A variation graph encodes DNA sequence in its nodes. Such graphs are bidirected, in that we distinguish between edges incident on the starts of nodes from those incident on their ends. A path in such a graph is an ordered list of nodes where each is associated with an orientation. If a path walks from, for example, node A in the forward orientation to node B in the reverse orientation, then an edge must exist from the end of node A to the end of node B. Concatenating the sequences on each node in the path, taking the reverse complement when the node is visited in reverse orientation, produces a DNA sequence. Accordingly, variation graphs are constructed so as to encode haplotype sequences as walks through the graph. Variation between sequences shows up as bubbles in the graph [24].

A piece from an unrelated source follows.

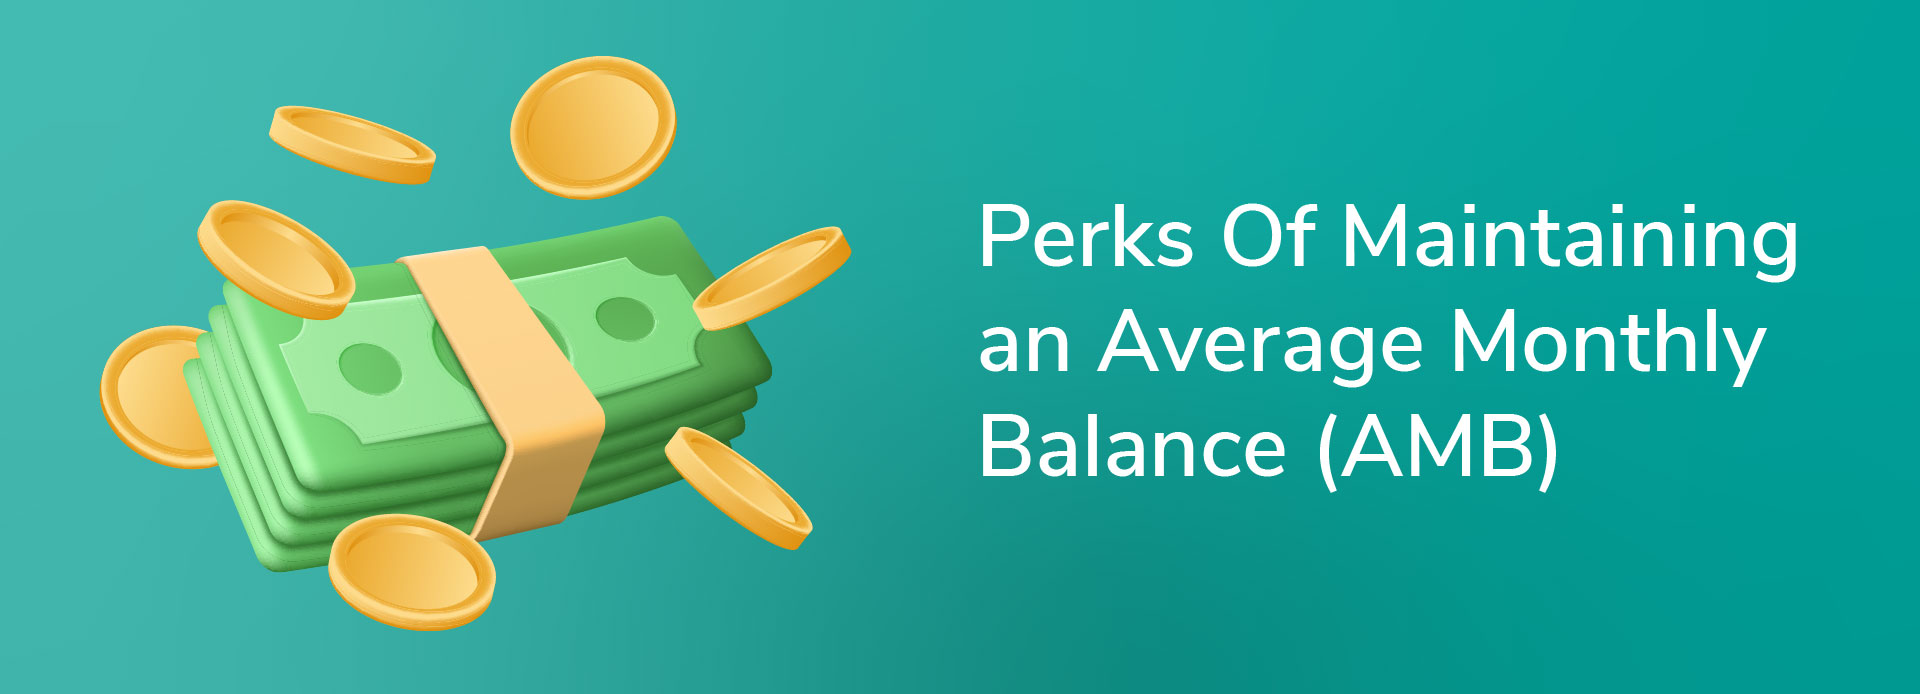 Perks Of Maintaining an Average Monthly Balance (AMB)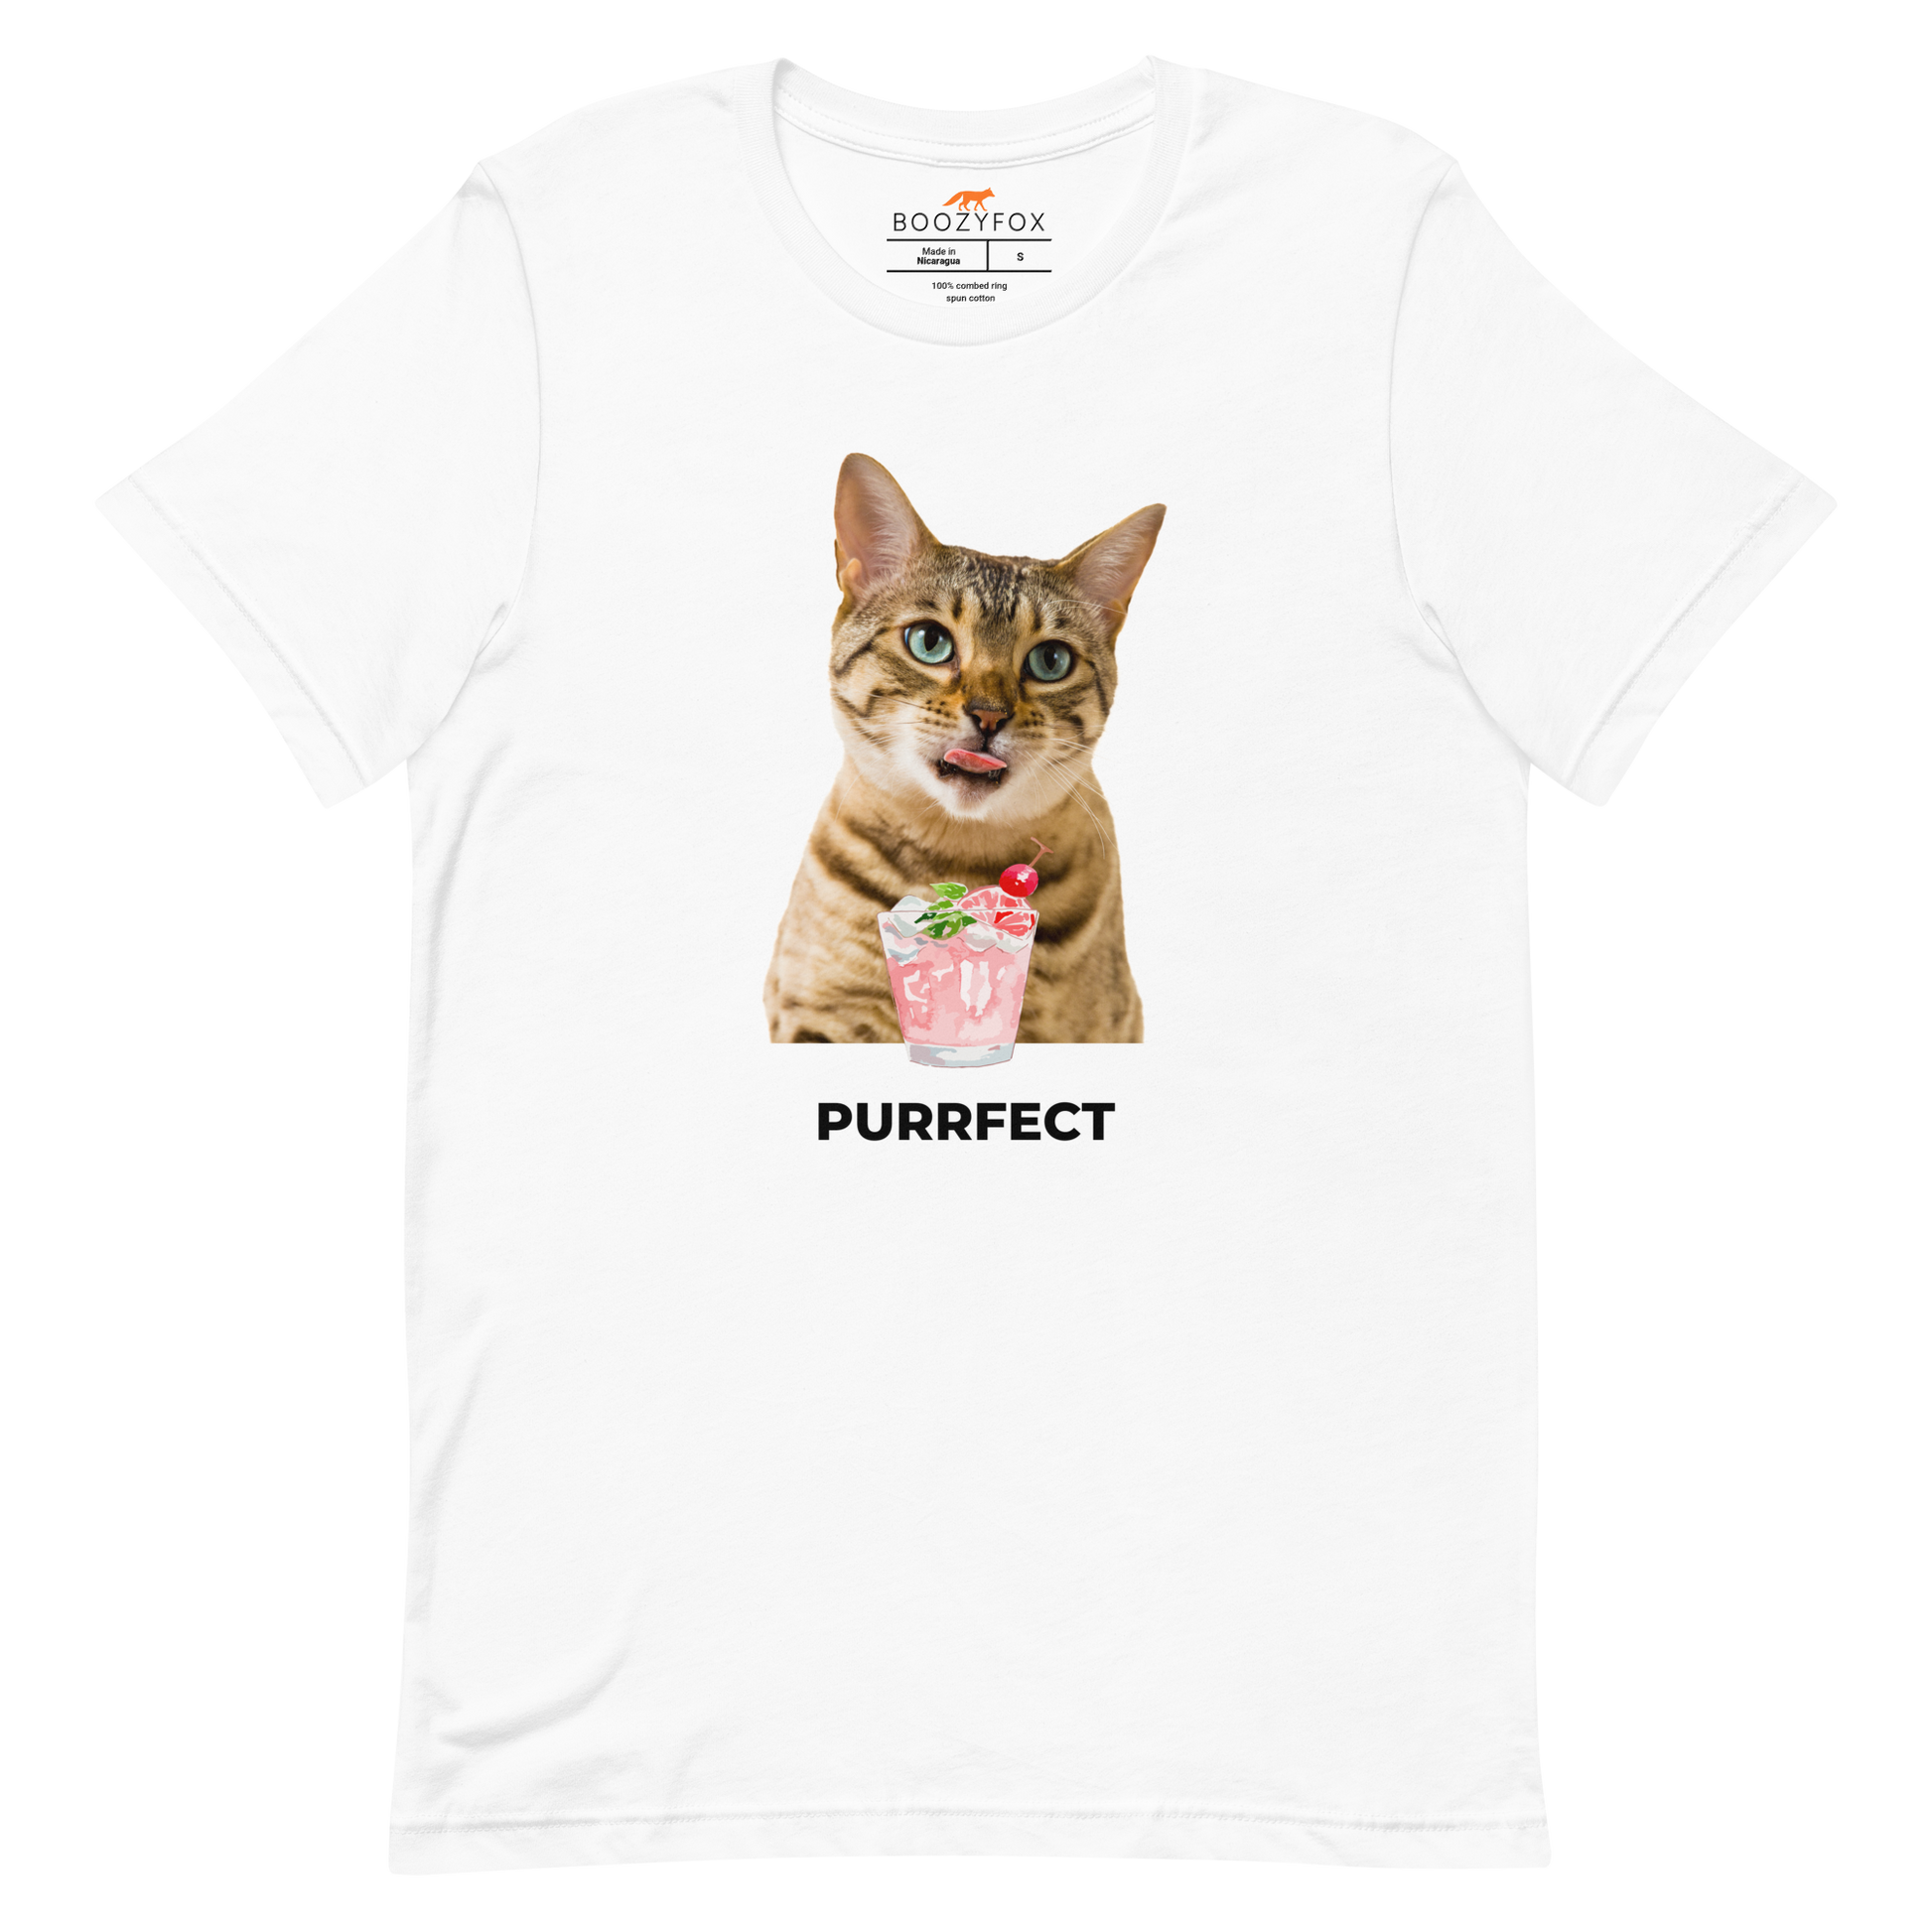 White Premium Cat T-Shirt featuring a Purrfect graphic on the chest - Funny Graphic Cat Tees - Boozy Fox

#### Breakpoint fine-tuning

In addition to genotyping, vg can use an augmentation step to modify the graph based on the read alignment and discover novel variants. On the simulated SVs from Fig. 1b, this approach was able to correct many of the 1-10 bp breakpoint errors that were added to the input VCF. The breakpoints were accurately fine-tuned for 93.8% of the insertions (Fig. S16a and Table S6). For deletions, 78.1% of the variants were corrected when only one breakpoint had an error. In situations where both breakpoints of the deletions were incorrect, only 18.6% were corrected through graph augmentation, and only when the amount of error was small (Fig. S16b). The breakpoints of less than 20% of the inversions could be corrected. Across all SV types, the size of the variant didn’t affect the ability to fine-tune the breakpoints through graph augmentation (Fig. S16c).

#### Mappability comparison between yeast graphs

In order to elucidate whether the cactus graph represents the sequence diversity among the yeast strains better than the VCF graph, we mapped Illumina short reads to both graphs using vg map. Generally, more reads mapped to the cactus graph with high identity (Figs. S13a and S14a) and high mapping quality (Figs. S13b and S14b) than to the VCF graph. The VCF graph exhibited higher mappability only on the reference strain S.c. S288C with a marginal difference. The benefit of using the cactus graph is largest for strains in the S. paradoxus clade and smaller for strains in the S. cerevisiae clade. We found that the genetic distance to the reference strain (as estimated using Mash v2.1 [44]) correlated with the increase in confidently mapped reads (mapping quality >= 60) between the cactus graph and the VCF graph (Spearman’s rank correlation, p-value=3.993e-06). These results suggest that the improvement in mappability is not driven by the higher sequence content in the cactus graph alone (16.8 / 15.4 Mb in the cactus graph compared to 12.6 / 12.4 Mb in the VCF graph for the all strains set and the five strains set, respectively). Instead, an explanation could be the construction of the VCF graph from a comprehensive but still limited list of variants and the lack of SNPs and small Indels in this list. Consequently, substantially fewer reads mapped to the VCF graph with perfect identity (Figs. S13a and S14a, percent identity threshold = 100%) than to the cactus graph. The cactus graph has the advantage of implicitly incorporating variants of all types and sizes from the de novo assemblies. As a consequence, the cactus graph captures the genetic makeup of each strain more comprehensively and enables more reads to be mapped.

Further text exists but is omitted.